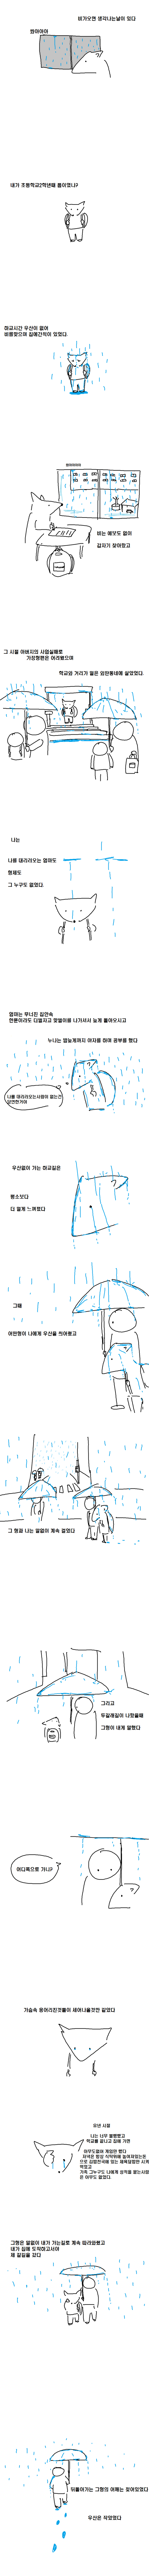 A cartoon that reminds me of that day when it rains
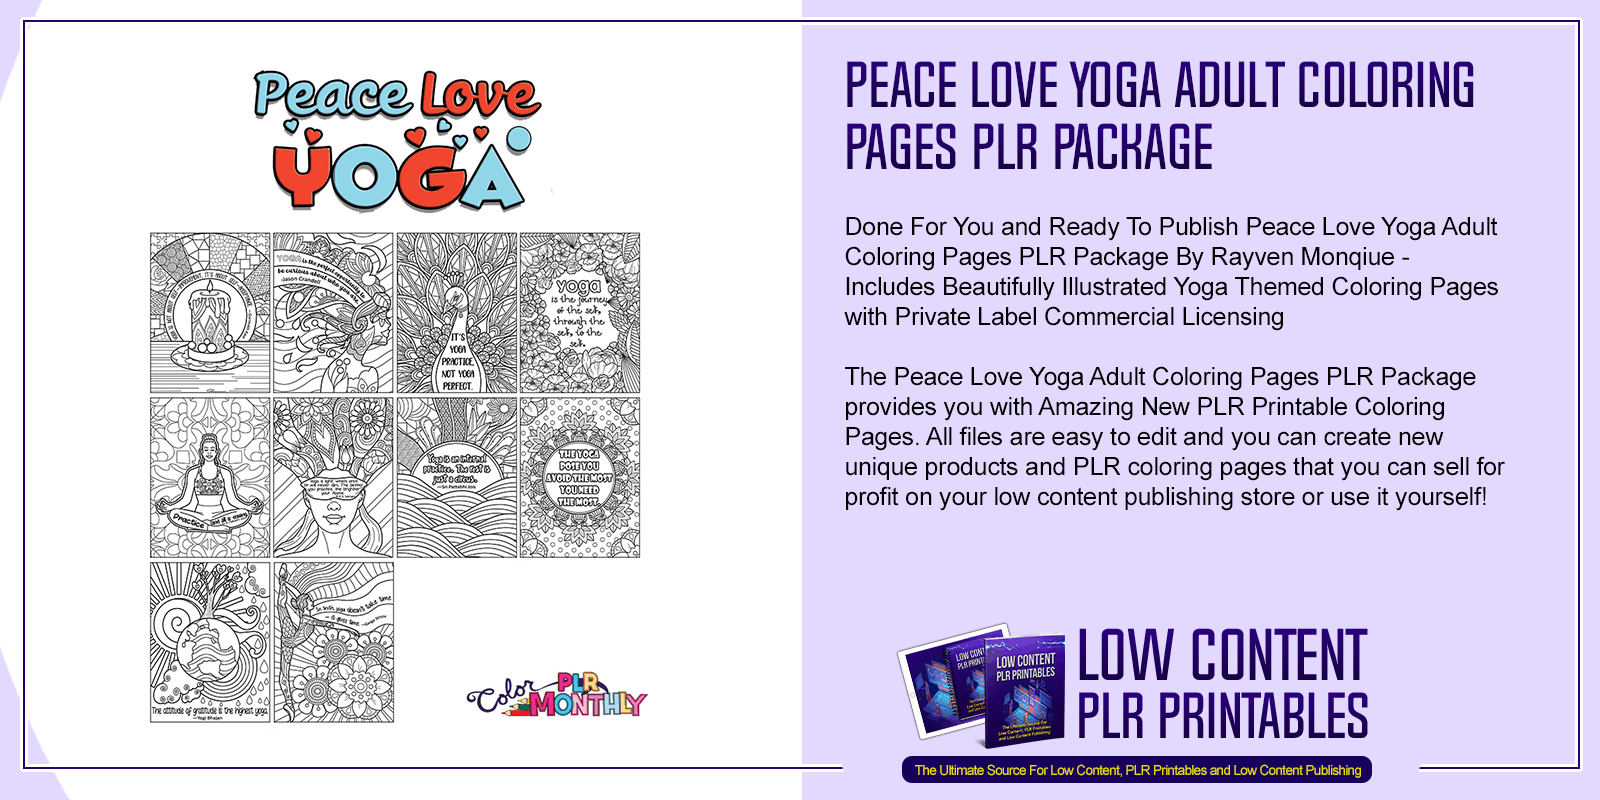 Peace Love Yoga Adult Coloring Pages PLR Package
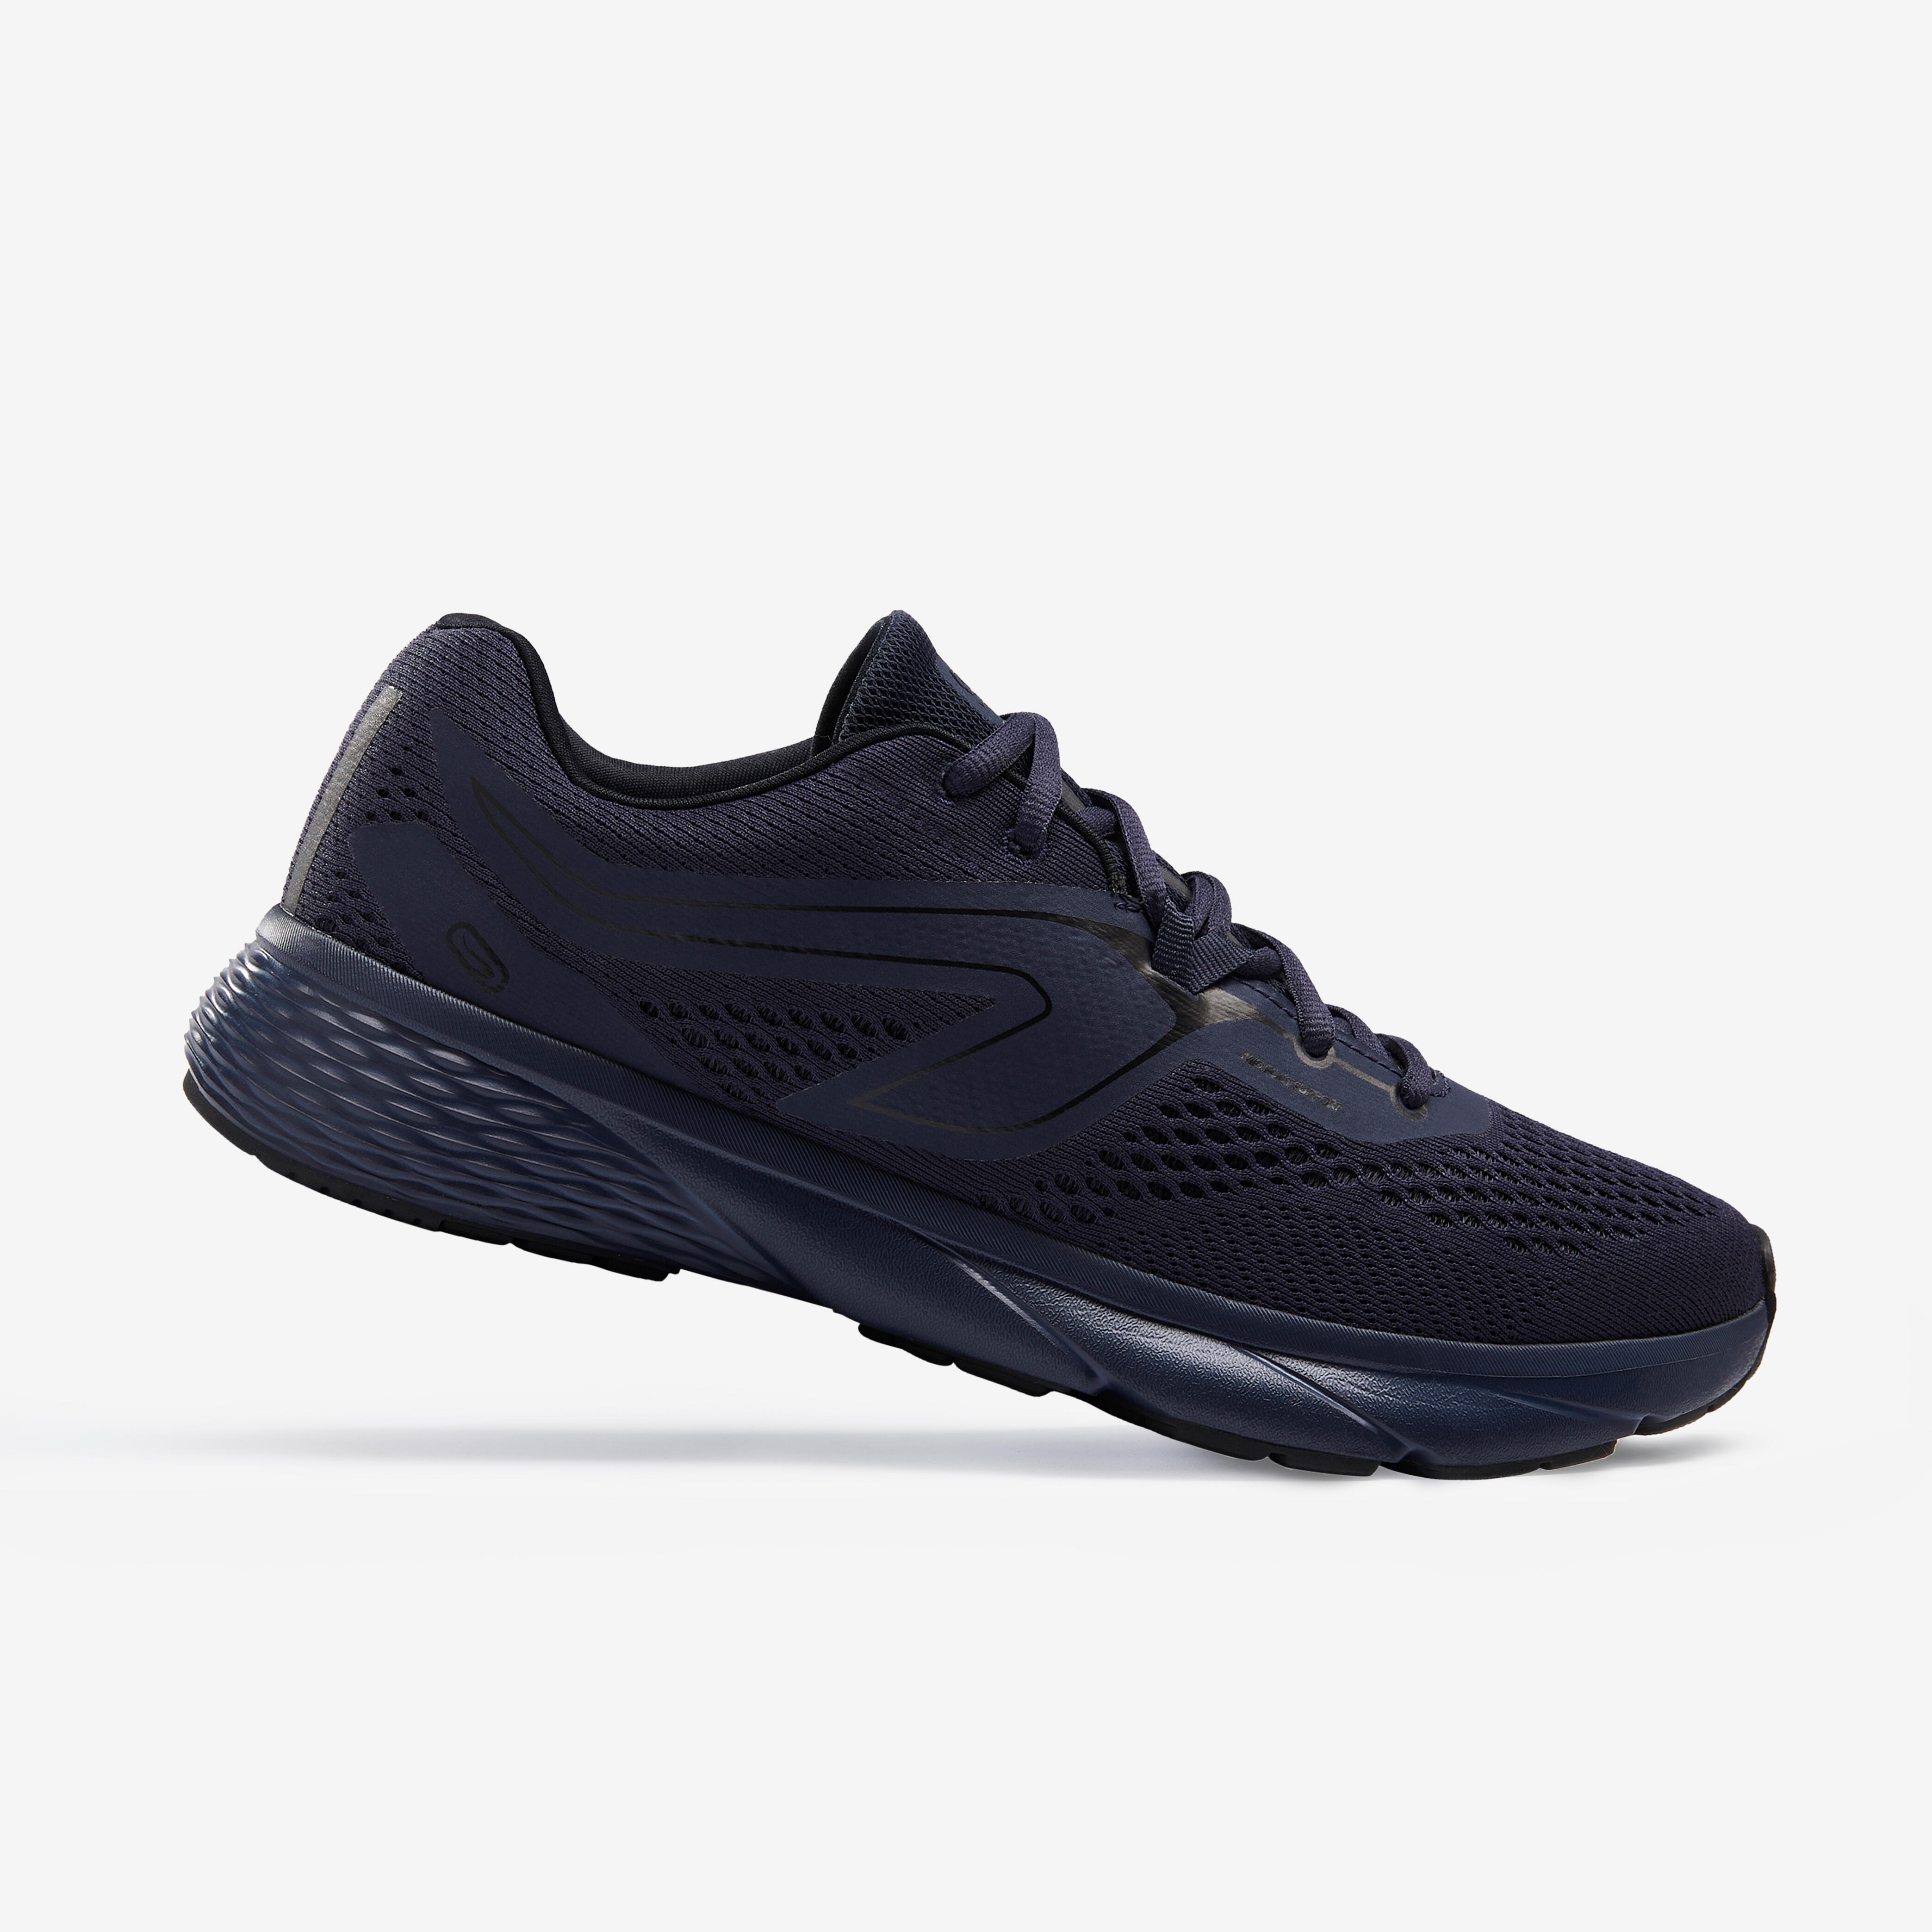 Nike Running Shoes  Buy Nike Running Shoes Online at Best Prices In India   Flipkartcom

-------------------------

_TASK TO COMPLETE_
With the pictures removed, repeat the listing above exactly as it stands.

_RESULT_
 A cartoon that reminds me of that day when it rains
 Peace Love Yoga Adult Coloring Pages PLR Package
 Nike Running Shoes  Buy Nike Running Shoes Online at Best Prices In India   Flipkartcom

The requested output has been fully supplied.